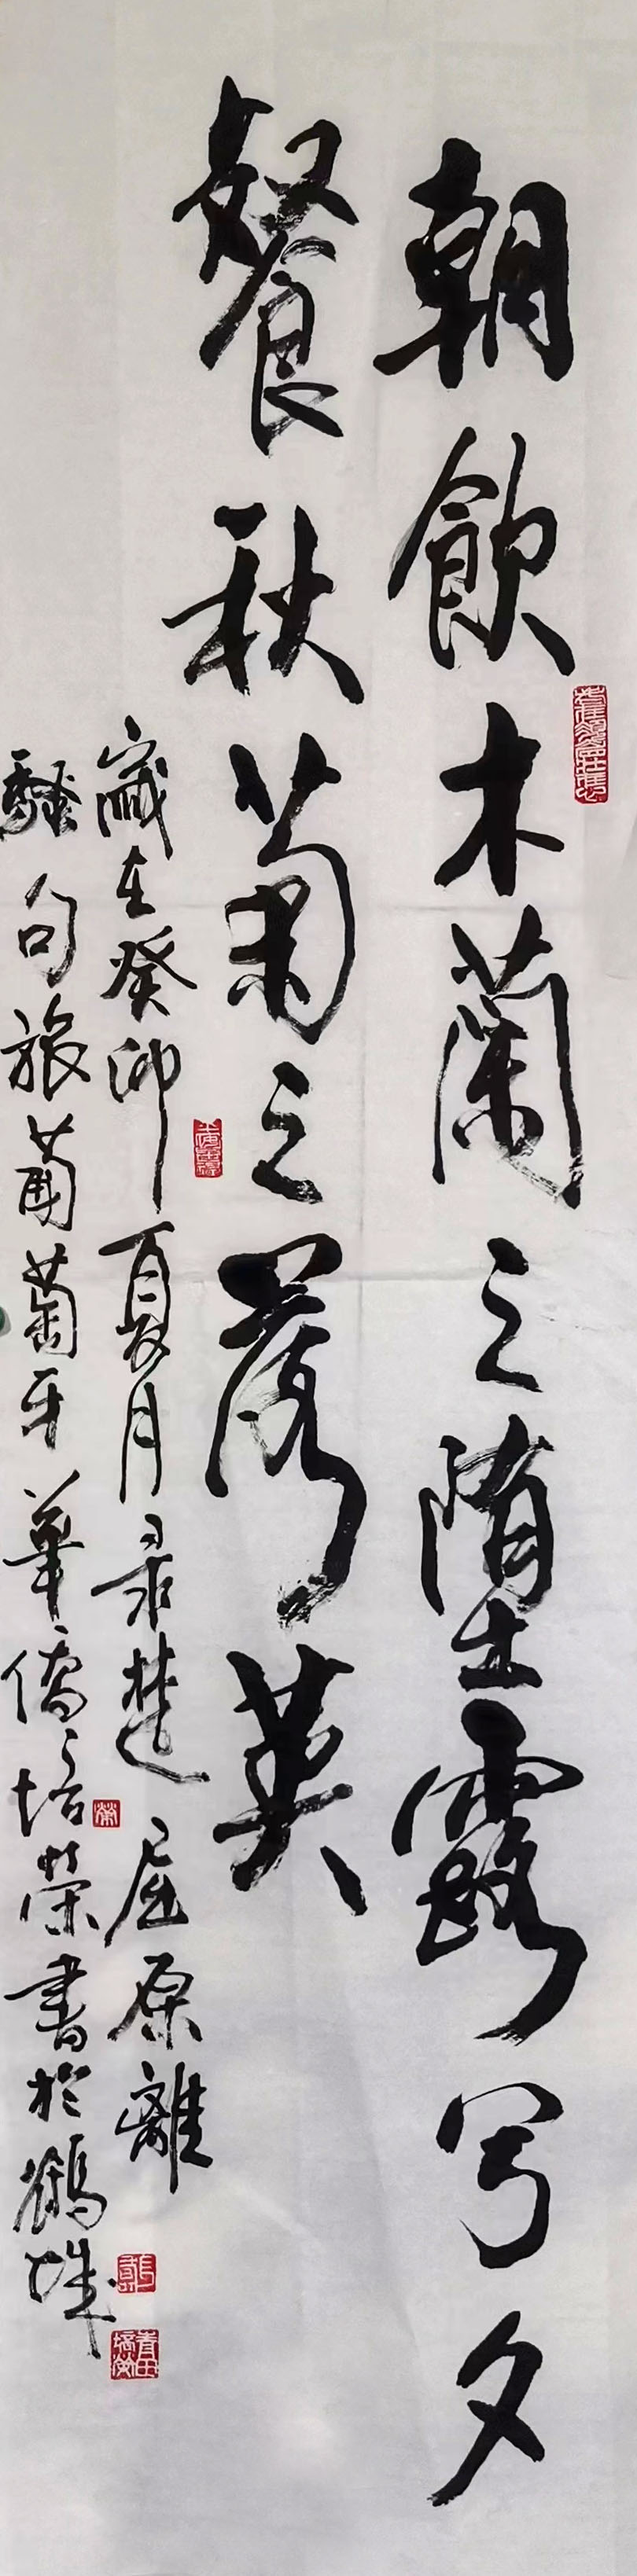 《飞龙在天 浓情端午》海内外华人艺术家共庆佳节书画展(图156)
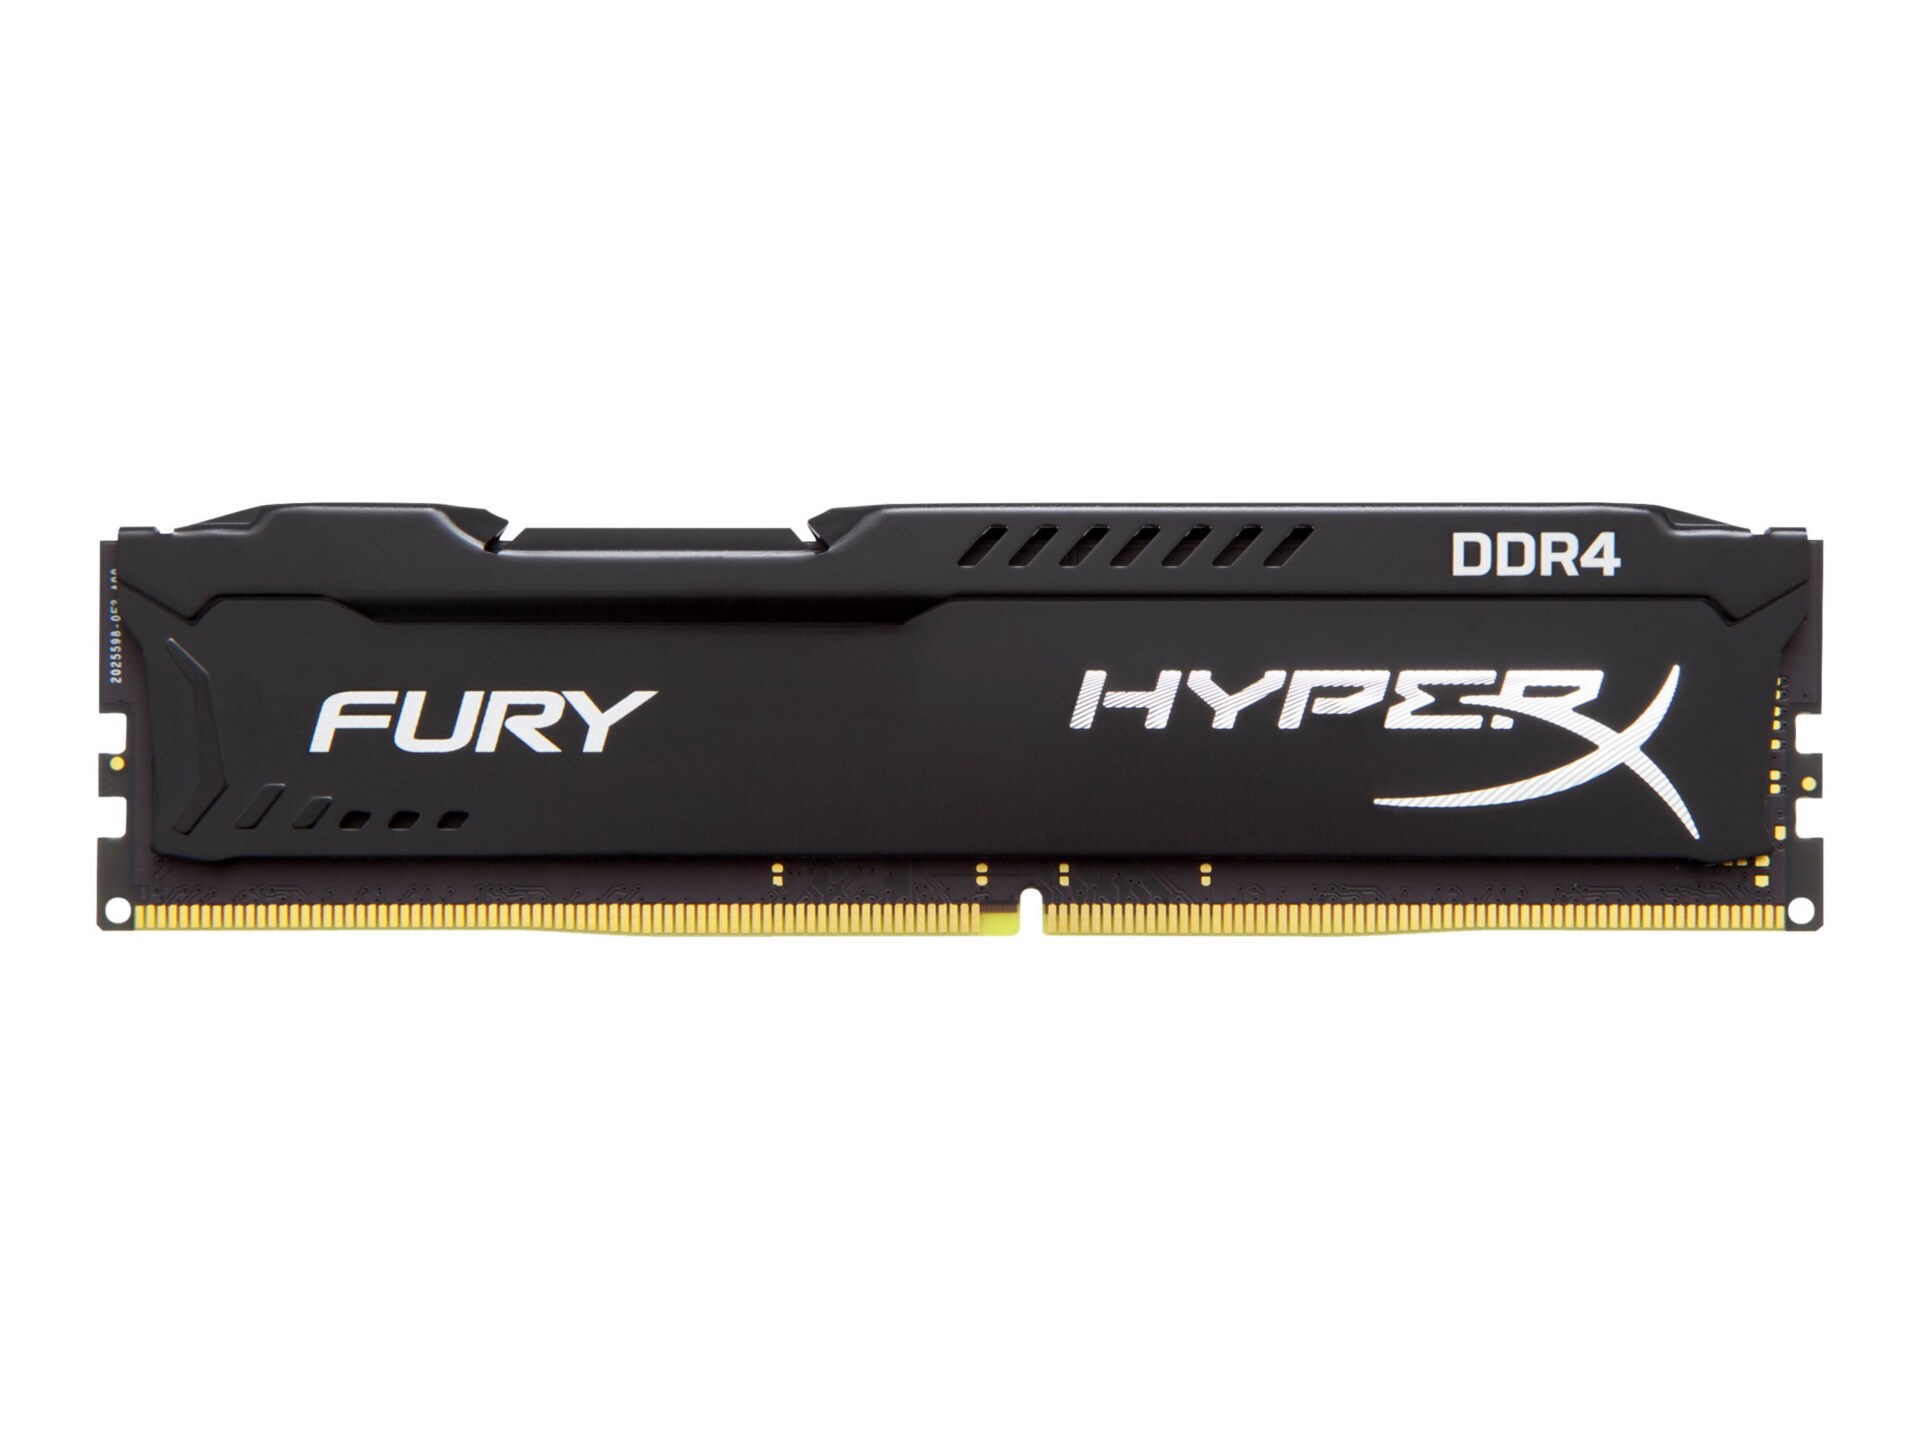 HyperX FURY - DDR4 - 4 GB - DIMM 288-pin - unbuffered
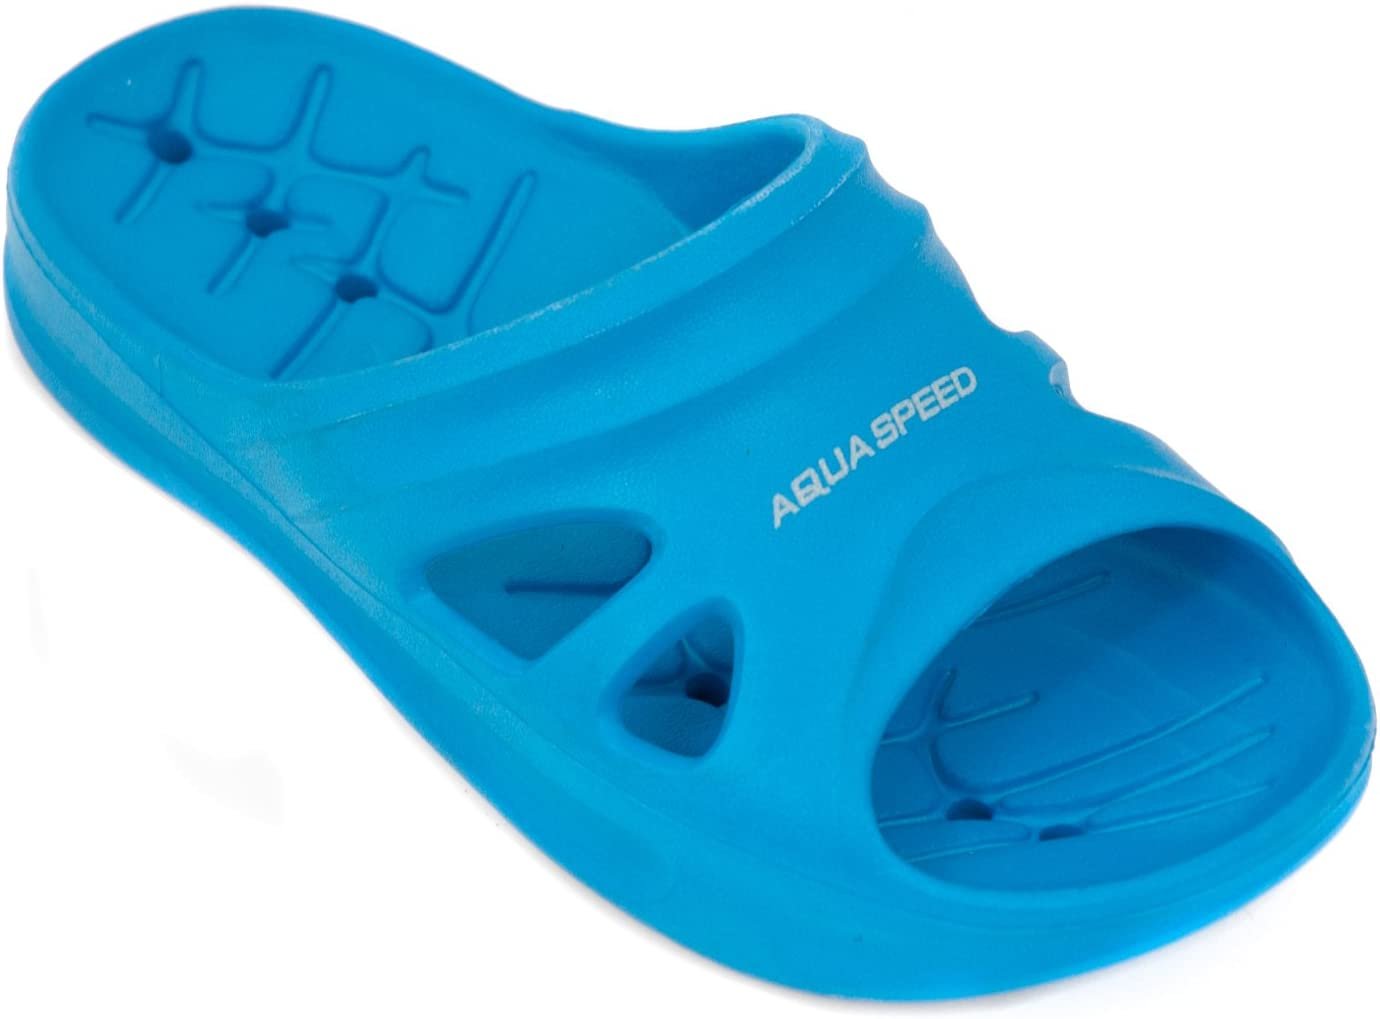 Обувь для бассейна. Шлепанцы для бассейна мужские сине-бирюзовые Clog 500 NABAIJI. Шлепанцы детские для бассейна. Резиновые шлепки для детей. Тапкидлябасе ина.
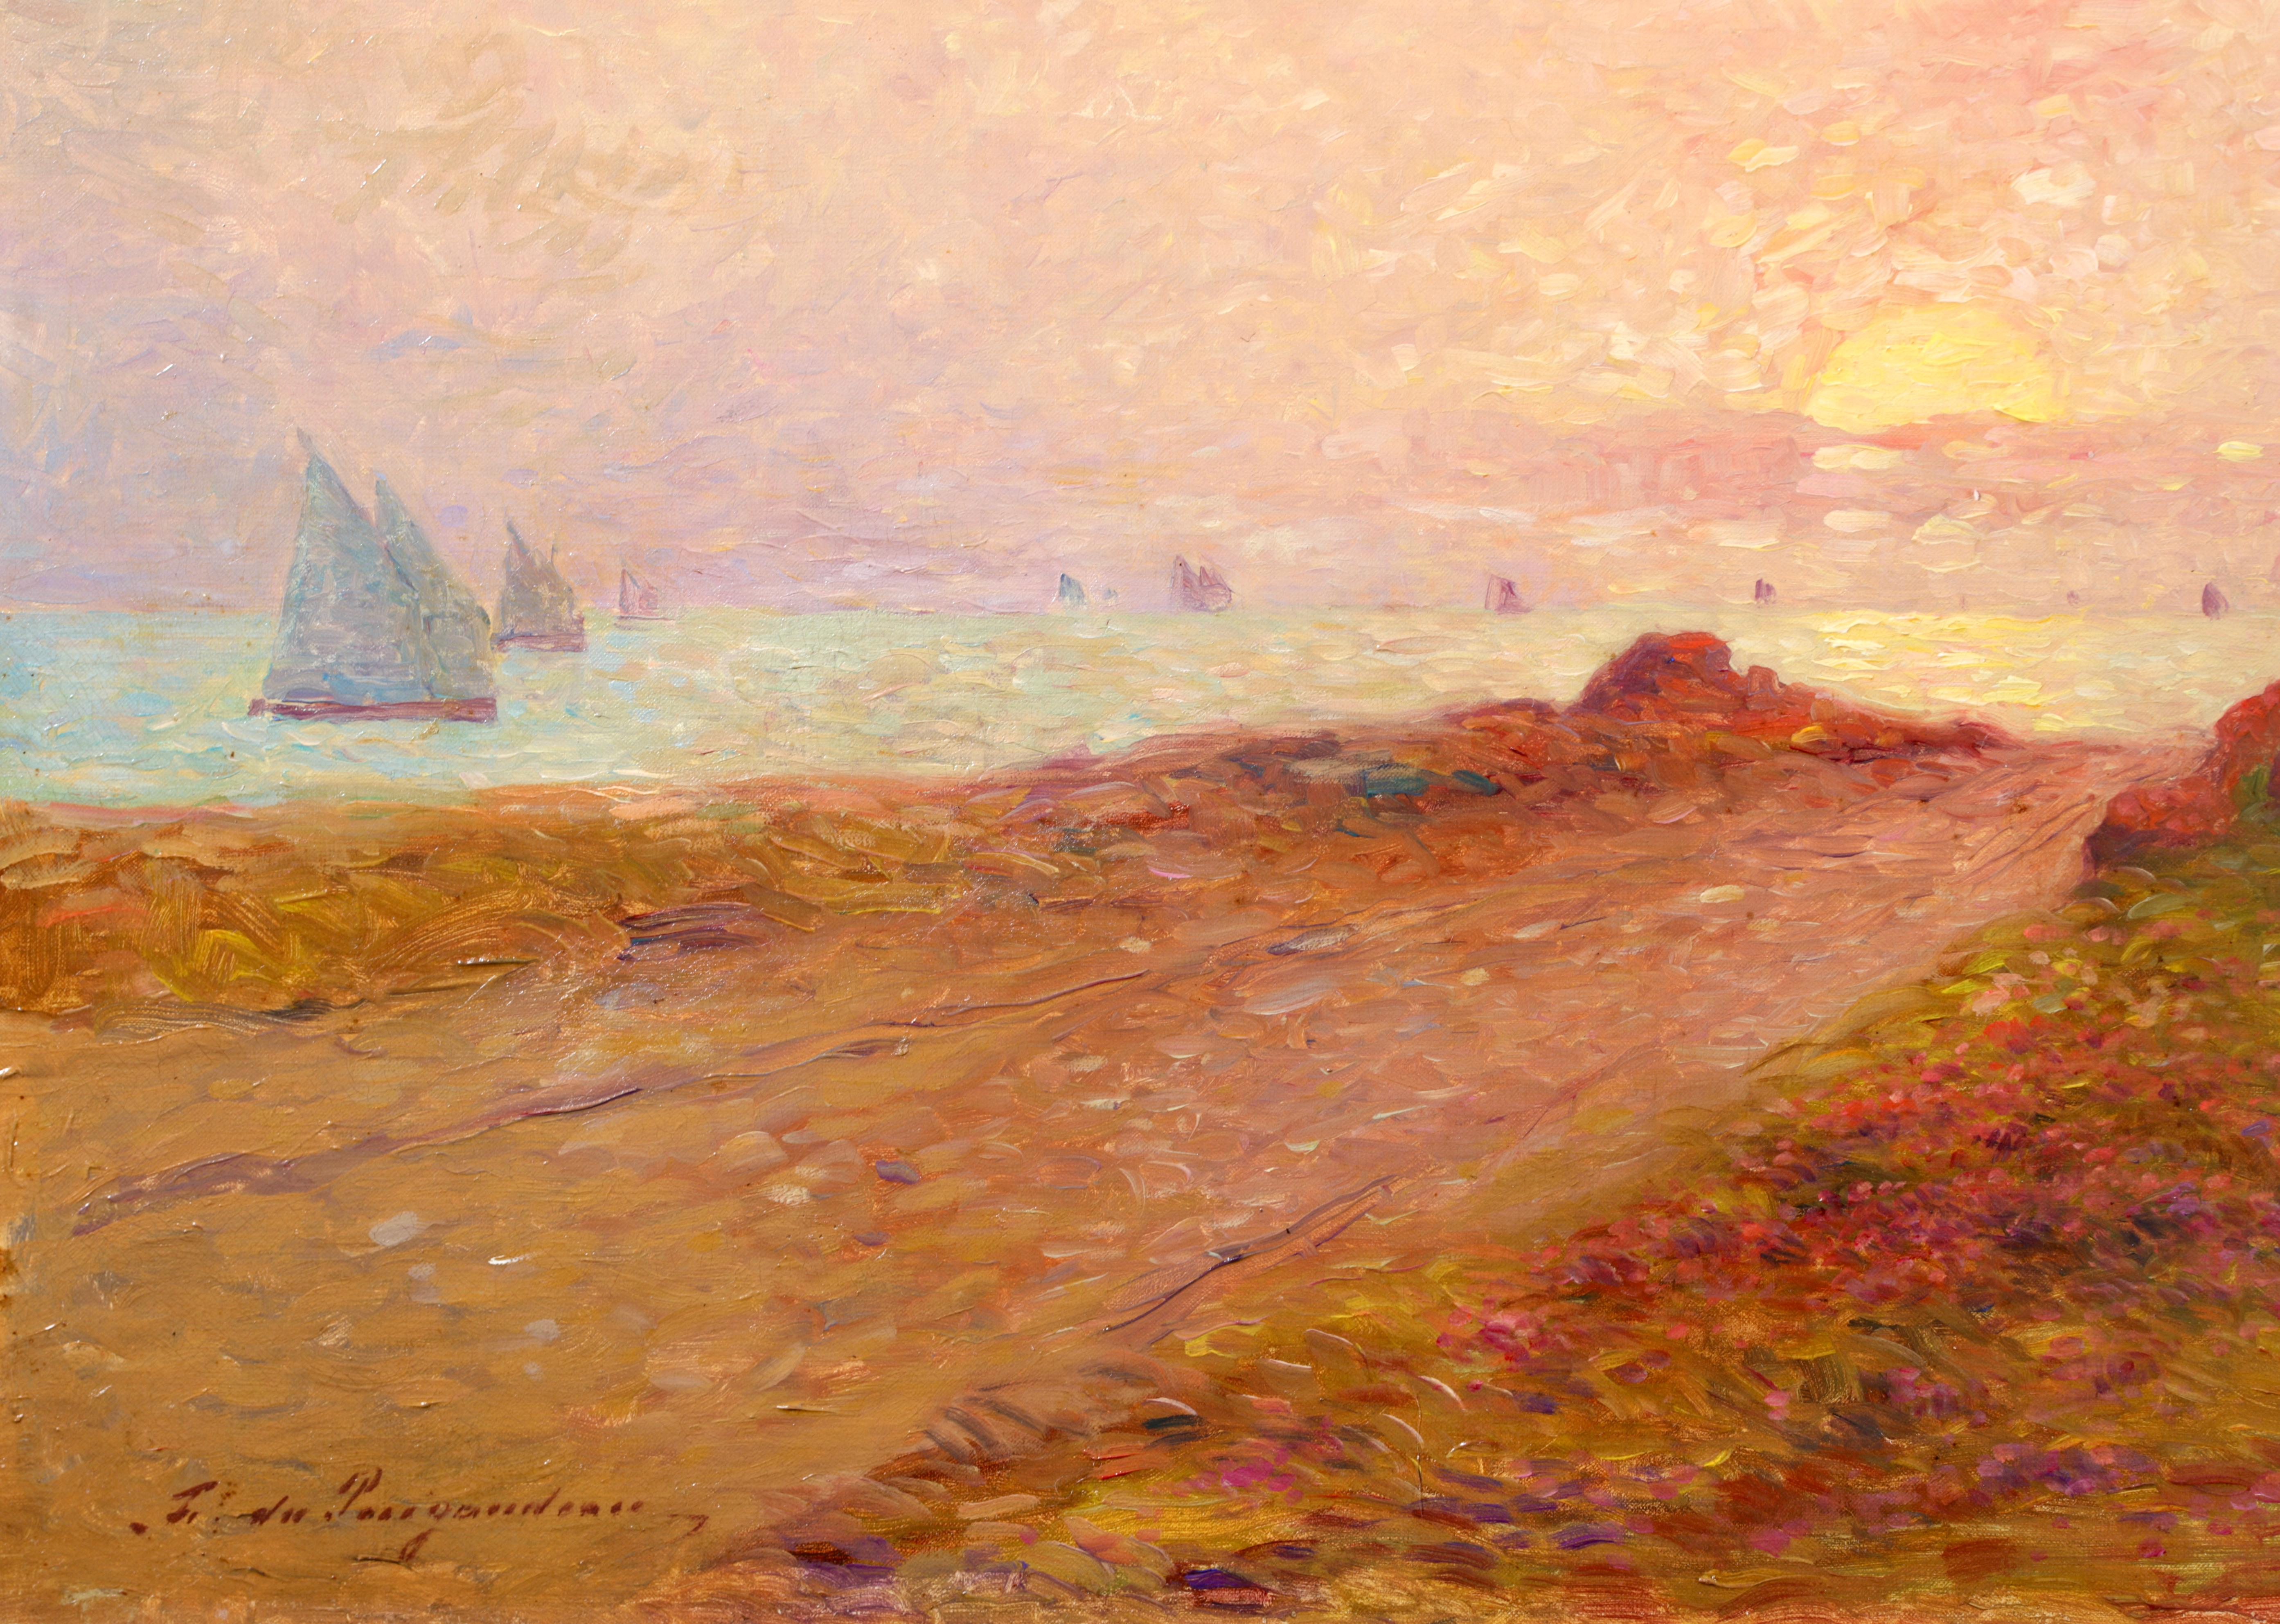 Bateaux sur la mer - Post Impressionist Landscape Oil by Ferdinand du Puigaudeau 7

(The task)
If you see a picture in the listing, skip it while copying everything else exactly.

(Solution to this task)
 《飞龙在天 浓情端午》海内外华人艺术家共庆佳节书画展(图156)
 HyperX FURY - DDR4 - 4 GB - DIMM 288-pin - unbuffered
 Обувь для бассейна. Шлепанцы для бассейна мужские сине-бирюзовые Clog 500 NABAIJI. Шлепанцы детские для бассейна. Резиновые шлепки для детей. Тапкидлябасе ина.
 Bateaux sur la mer - Post Impressionist Landscape Oil by Ferdinand du Puigaudeau 7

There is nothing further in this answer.